Saudi Energy Minister Prince Abdulaziz bin Salman, also speaking at the CERAWeek event, lauded the cartel's excellent stewardship of the market, saying the OPEC+ approach to managing supply should be copied and pasted into other energy markets.

"If energy prices remain high, global economic recovery will be undermined," Puri said.

International oil prices had crashed to USD 19 per barrel in April last year as demand evaporated with most nations clamping lockdowns to control the spread of coronavirus.

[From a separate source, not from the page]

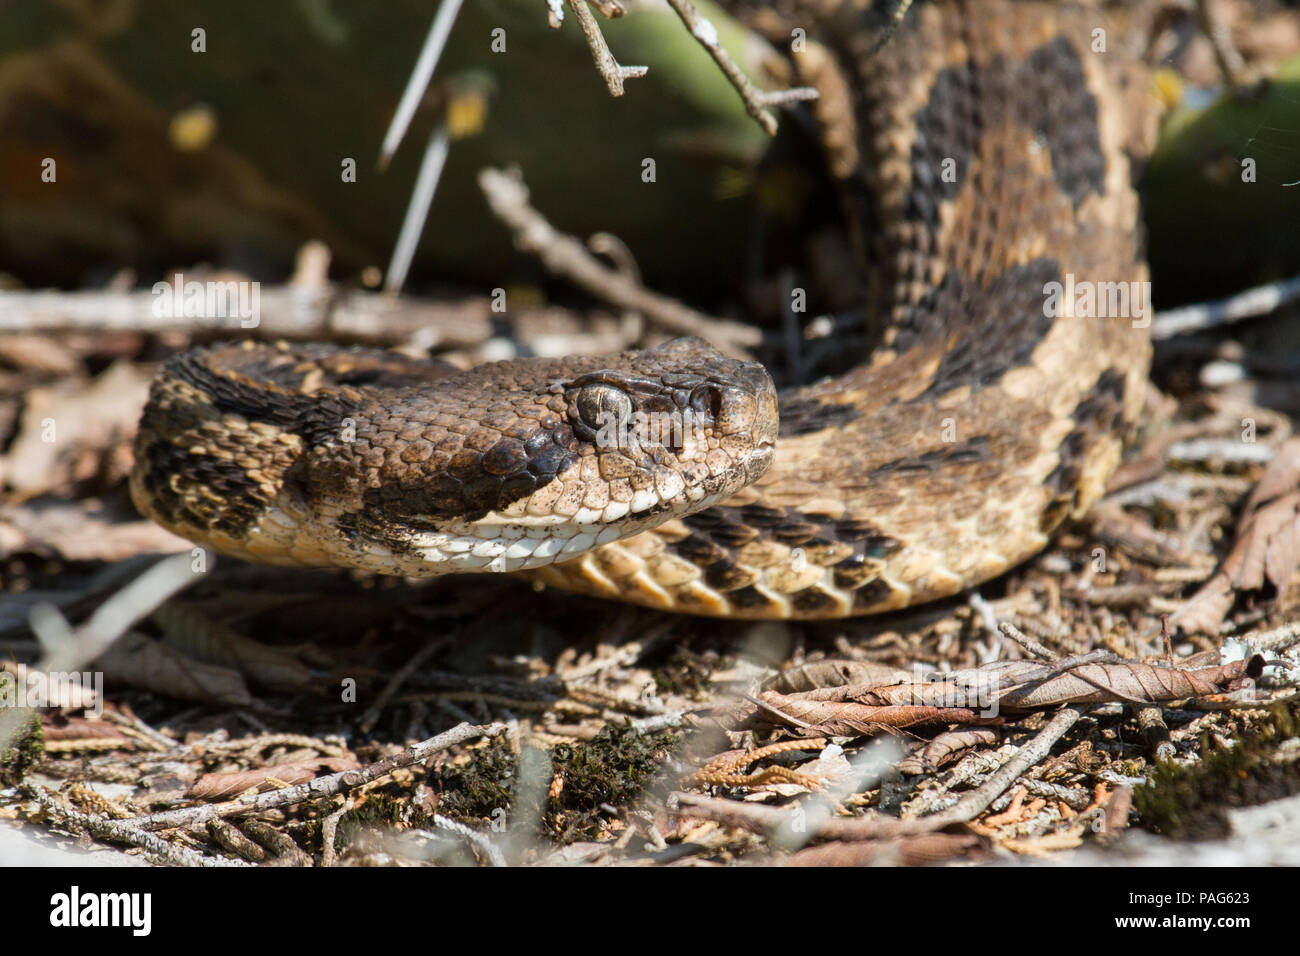 A close-up of a canebrake rattlesnake, Crotalus horridus, showing heat sensing pits and nostrils. Stock Photo

The demand recovered this year as vaccination against the infection revived economies the world over.

International benchmark Brent crude has since rallied to over USD 84 per barrel.

This, he said,‎ has made fuel expensive and stoked fears of inflation.

Puri said India's oil import bill has climbed from USD 8.8 billion in June 2020 quarter to USD 24 billion this year because of a spike in global oil prices.

"India believes energy access has to be reliable, affordable and sustainable," he said adding economic recovery after a devastating pandemic has been fragile and it is further being threatened by high prices.

India, which imports almost two-thirds of its oil needs from West Asia, has told crude oil producers, including the OPEC, that high oil prices will hasten the transition to alternate fuels and such rates will be counter-productive for the producers.

Puri has in recent weeks flagged the issue of high oil prices to Saudi Arabia, the UAE, Kuwait, Qatar, the US, Russia and Bahrain‎.

He conveyed India's strong preference on responsible and reasonable pricing, which is mutually beneficial for consumers and producers.

"I have been meeting my counterparts from the producing nations to drive home the point," Puri said adding volatility in international prices is not just hurting India but also industrialised nations.

While the world has begun the transition towards cleaner fuels such as electric-powered vehicles and hydrogen, most nations are still dependent on oil to fuel their economies. And high oil prices will hurt demand recovery.

India is 85 per cent dependent on imports to meet its oil needs and relies on overseas shipments to meet 55 per cent of the gas needs. It is the only nation in the world that is seeing growth in oil demand on a sustained basis and without it the producers will also suffer.